There were two false negative cases in our study. One case of Mucoepidermoid carcinoma was missed in cytology due to aspiration of only mucoid paucicellular fluid showing only muciphages in a mucoid background in FNAC. Similarly, a case of acinic cell carcinoma was misdiagnosed as sialadenosis as it showed clusters of normal looking acini.

The causes of non-diagnostic aspirate is most commonly due to sampling error which can be due to improper positioning of needle, cystic and haemorrhagic lesions.14, 15 Representative, meticulous sampling and careful clinic-radiological correlation can help to reach a correct diagnosis. Small, non-palplable and deep seated lesions can be approached correctly by image guidance.
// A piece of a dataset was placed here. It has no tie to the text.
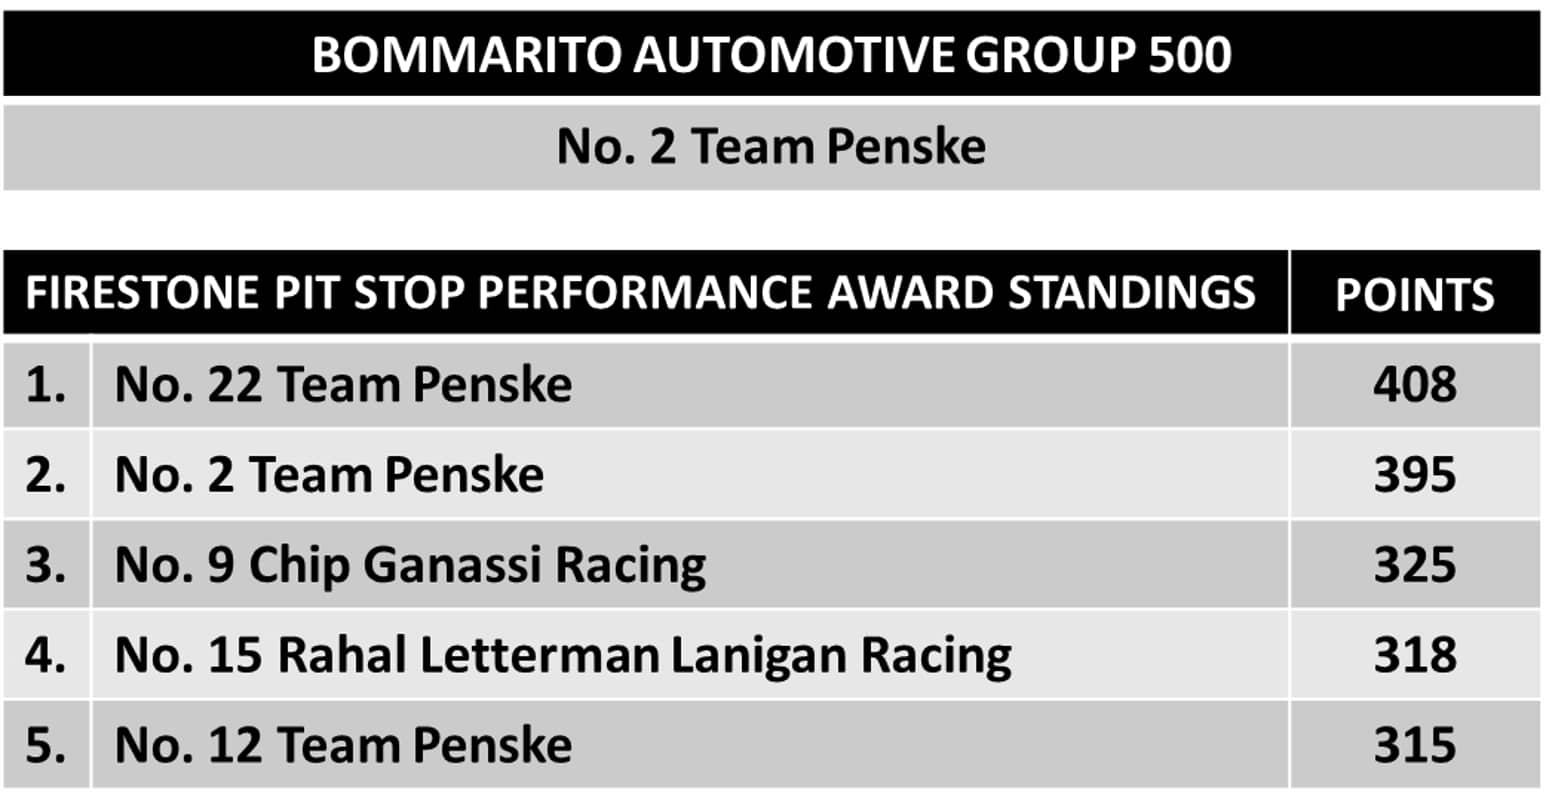 Table showing Bommarito Automotive Group 500 point totals.

The sensitivity, specificity, positive predictive value and negative predictive values of FNAC in our study were 77.8%, 98.11%, 87.5 % and 96.3% respectively [Table 9] with a diagnostic accuracy of 95%, which was comparable with other studies.16, 17, 18, 19, 20


FNAC is an excellent preliminary diagnostic technique for planning the management of salivary gland lesions. However, it can be challenging due to overlapping features and heterogeneity in salivary gland lesions. Therefore FNAC should always be correlated with clinical, radiological findings along with histopathology to reach a definitive diagnosis.

Limitation of our study

The limitation of our study is less number of cases for biopsy due to loss to follow-up resulting in lack of histopathological correlation in all cases.

Source of Funding

The researchers did not receive any grant from outside funding agencies. This was self funding.

Ethical Approval

Prior to FNAC, all participants were oriented about the technique and informed consents were obtained.

Conflict of Interest

The authors declare that they have no conflict of interest.